Untie

This comes from teh Green Truth today:

Many Saudis are lamenting the way family ties in the Kingdom have become weak, something that seems to have become one of the hallmarks of modern life and is in stark contrast to how people in the region used to live not so long ago.

I, for one, am not. I think family ties in the Kingdom are still strong. They are too strong, actually, that distant relatives somehow believe they have the freedom to intervene in your so-called modern life. This freedom, nevertheless, is limited to them and cannot be extended to you because first, who are you? and second, what do you know?

“Families are no longer what they used to be. The entire family system has disintegrated. You can nowadays find fathers and sons at loggerheads and cousins hostile to each other,” said one Saudi old man in Makkah who asked for his name not to be published.

Not what they used to be? The entire system disintegrated? I’m sorry, is there a heated debate about gay marriage in the country that I’m not aware of? And btw, fathers and sons disagreements are ancient. In other places they are called “generational differences,” and I think you should know this, especially since you like using 17th century vocabulary like loggerheads and stuff. Also, what’s up with the privacy freakishness, old man? But I will cut you some slack. I understand that you probably don’t want to get in trouble like those kids who appeared on MTV.
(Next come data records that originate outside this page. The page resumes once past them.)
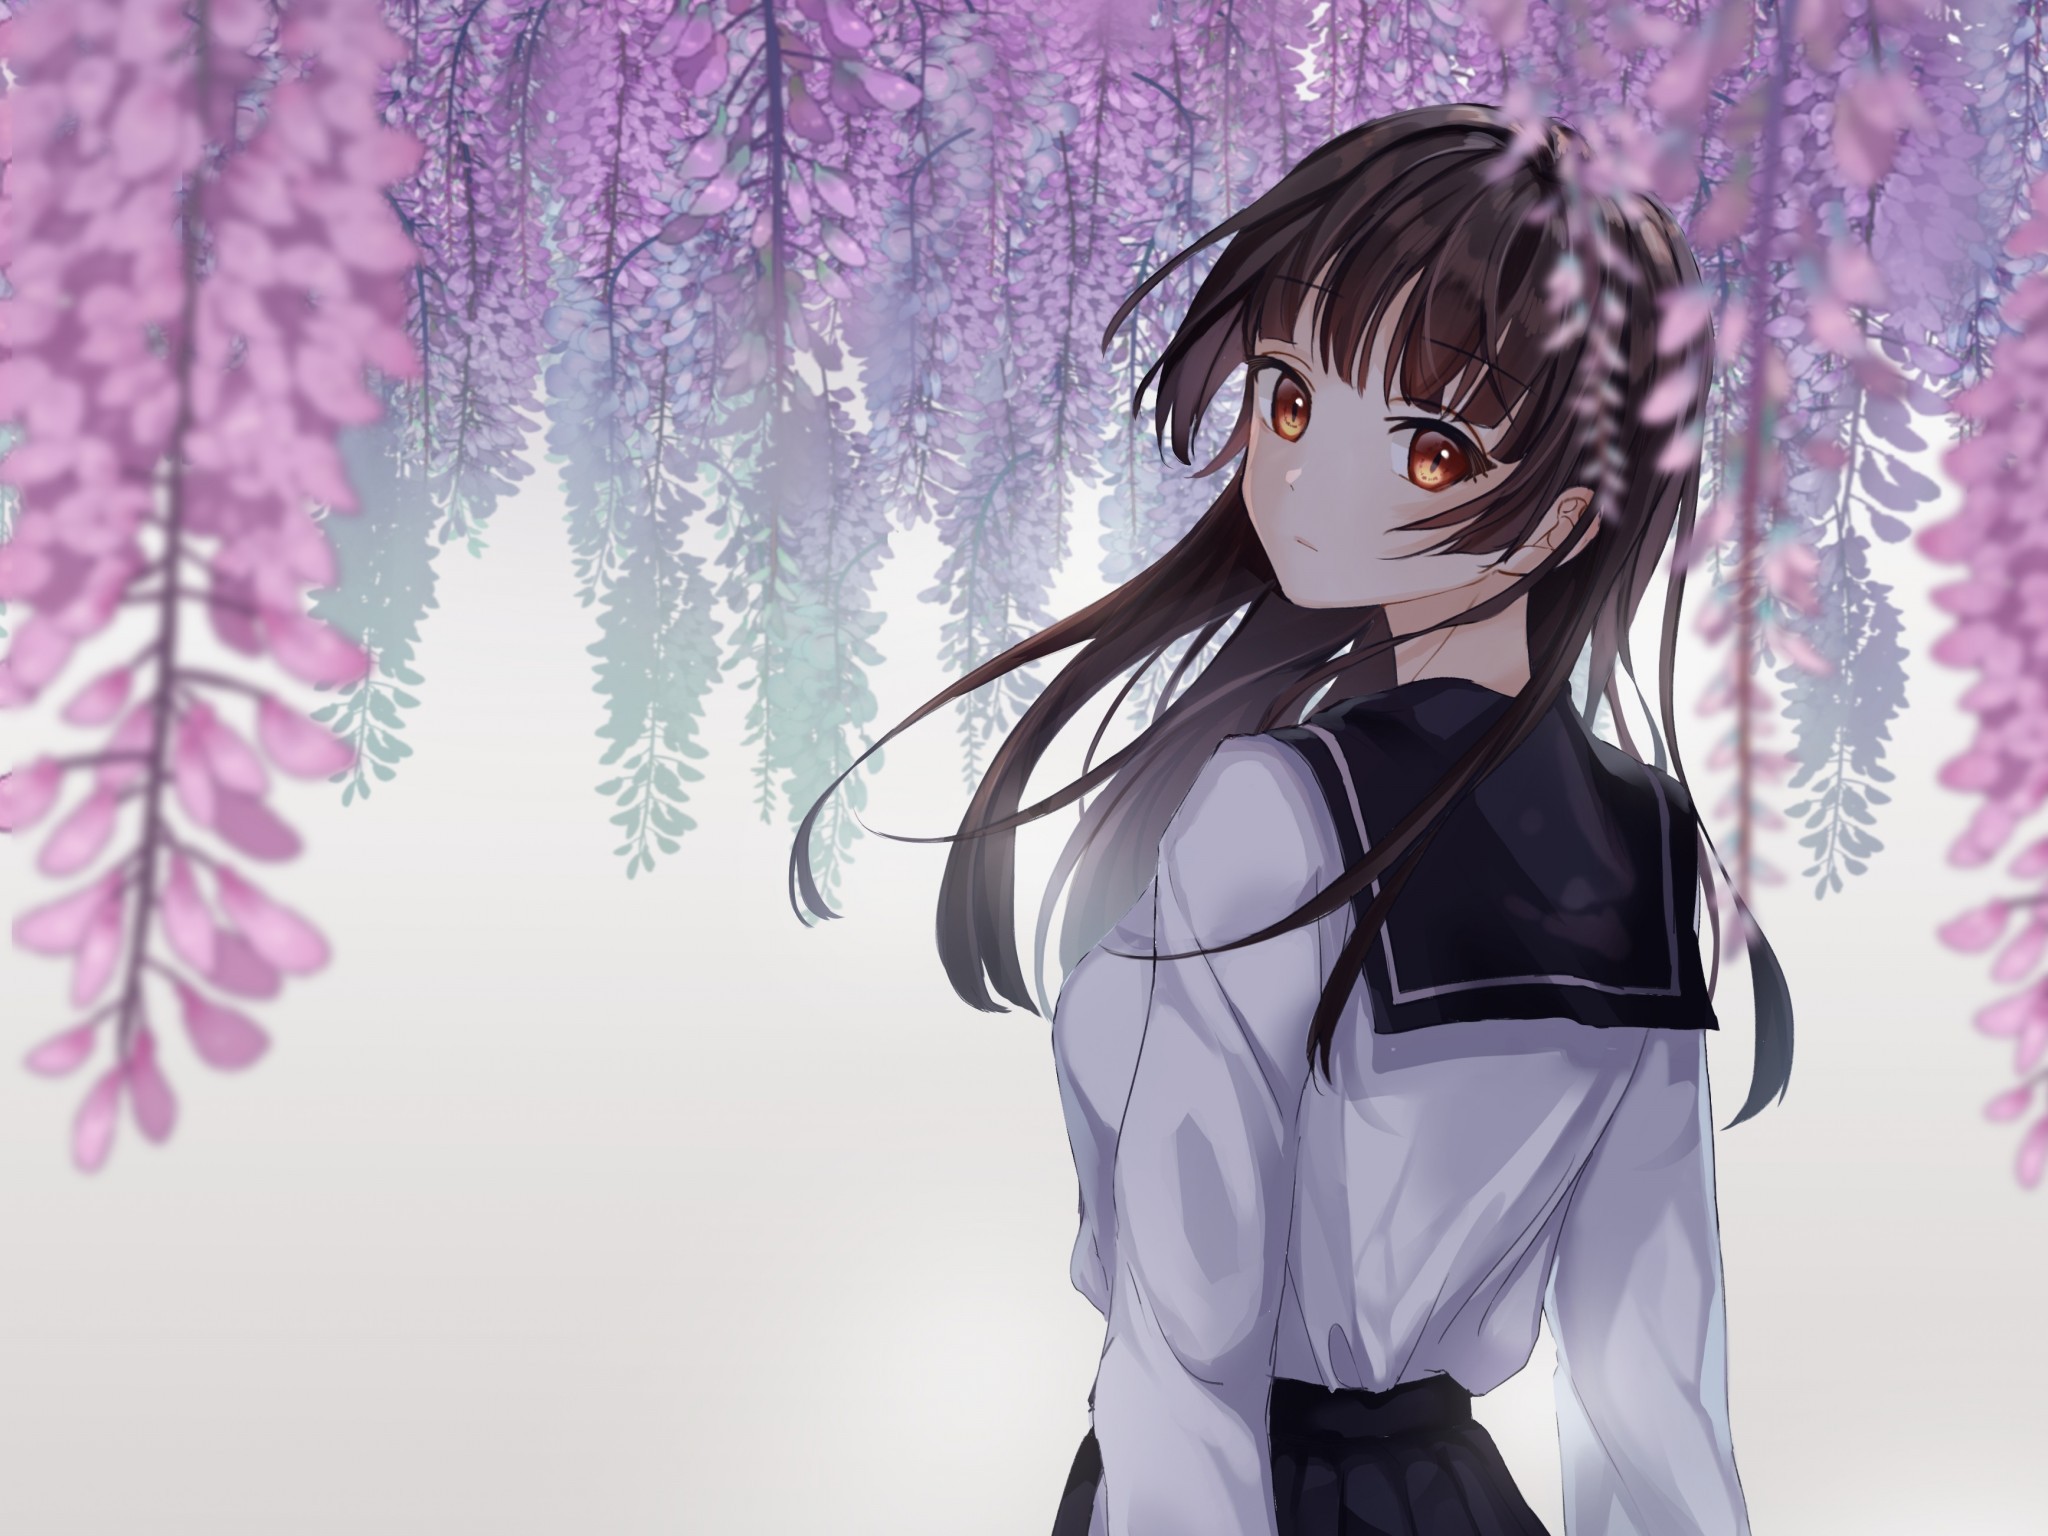 Anime School Girl, Cherry Blossom, Back View, School - 2048x1536 Wallpaper  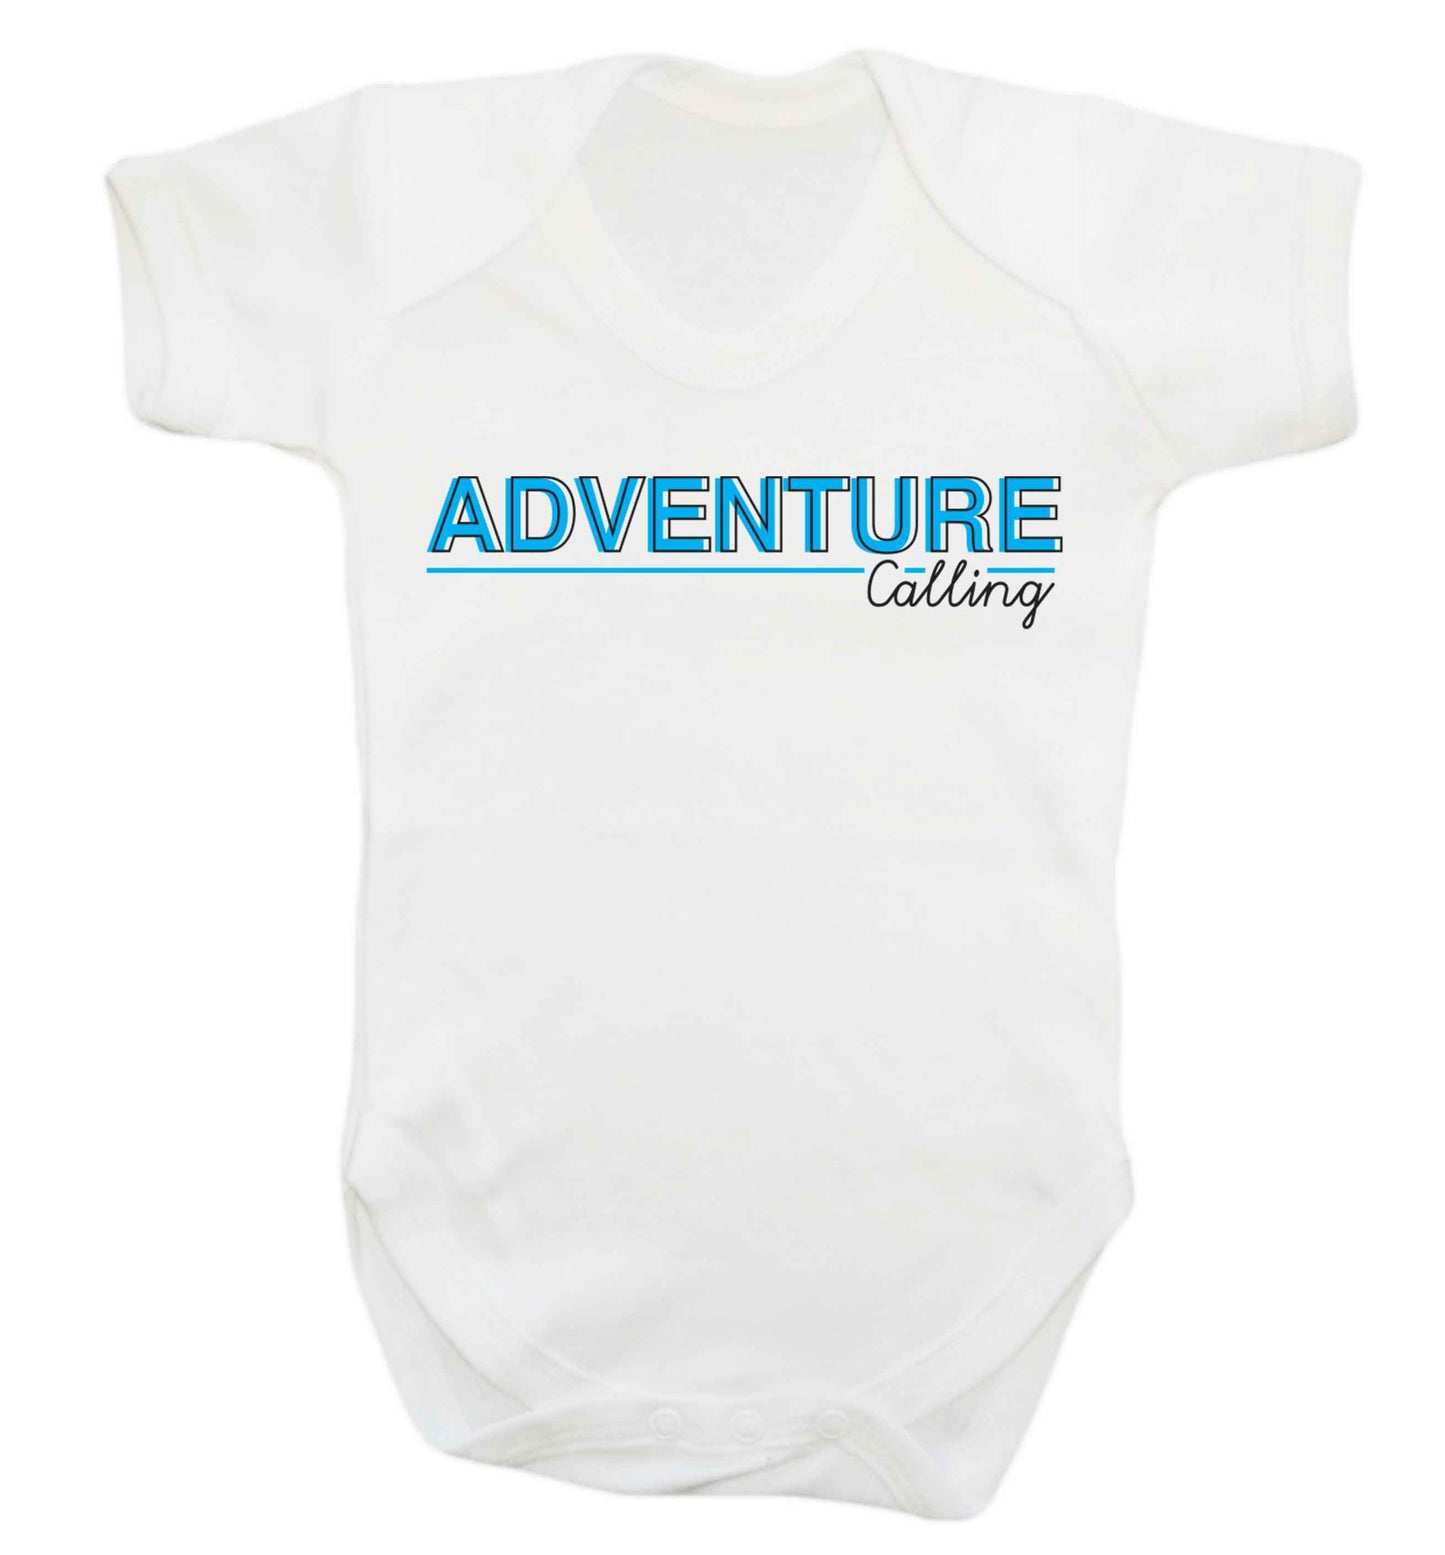 Adventure calling Baby Vest white 18-24 months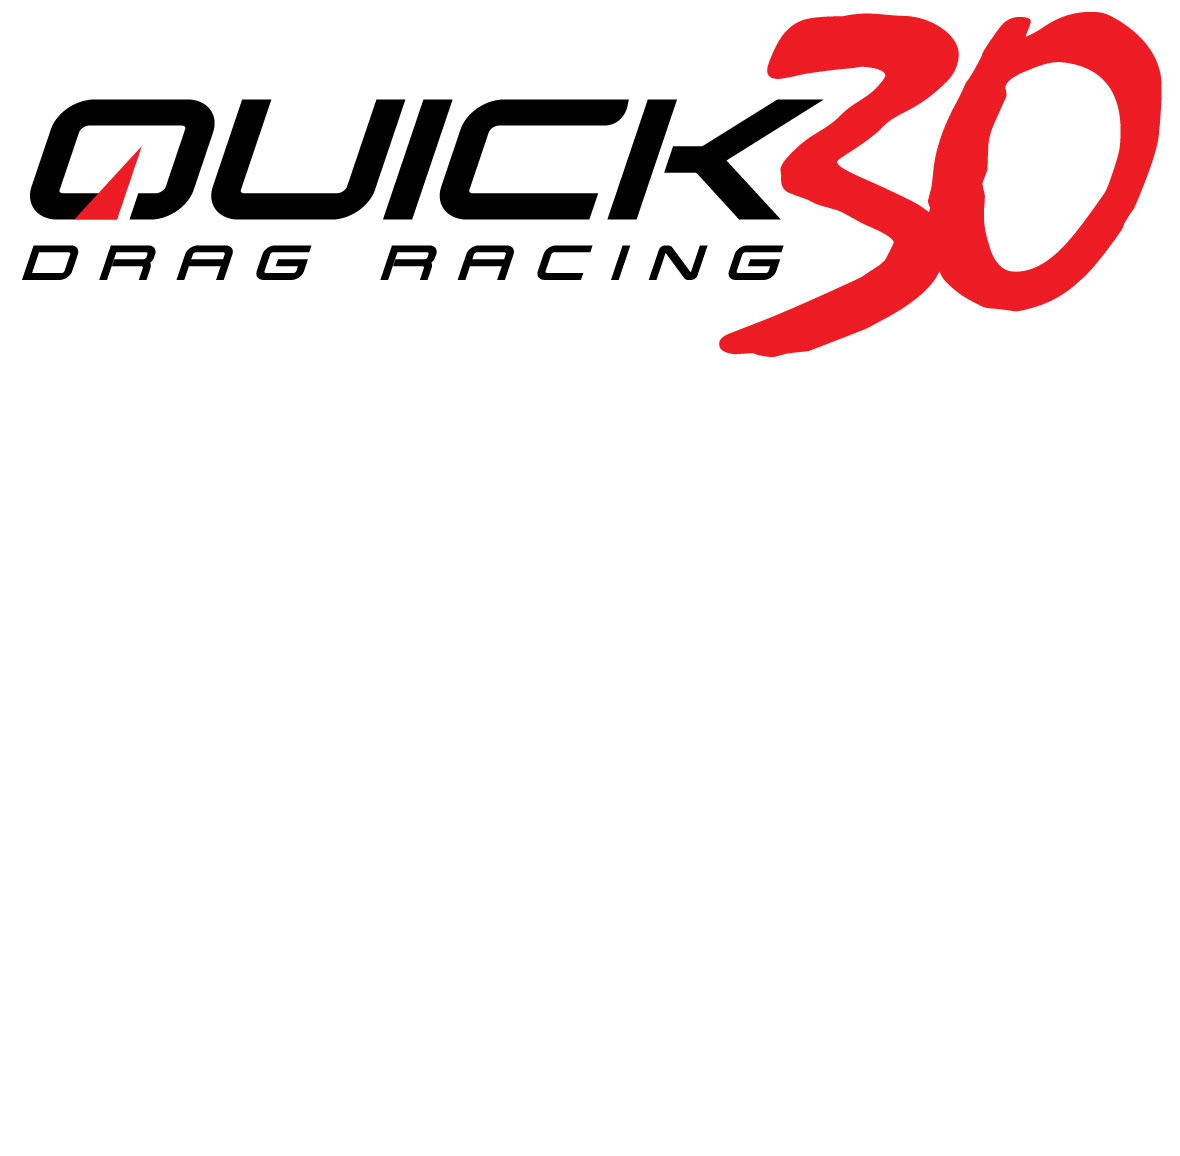 Branding_Quick_30_Large

Saudi woman Latifa Ali said she has not been on speaking terms with her sister for over 10 years and has tried to make up on numerous occasions. “My sister is adamant in boycotting me. She wanted her son to marry my daughter but I refused for several reasons. My daughter is a university graduate while her son has only studied until secondary school. He was also unemployed at the time. My daughter refused to marry him and there was no way I could force her,” she said. Latifa Ali misses her sister whom she loved and was very close to. “I felt safe with her. I still long to be with her but she doesn’t want to be with me. She considers my daughter’s rejection of her son an insult,” she added.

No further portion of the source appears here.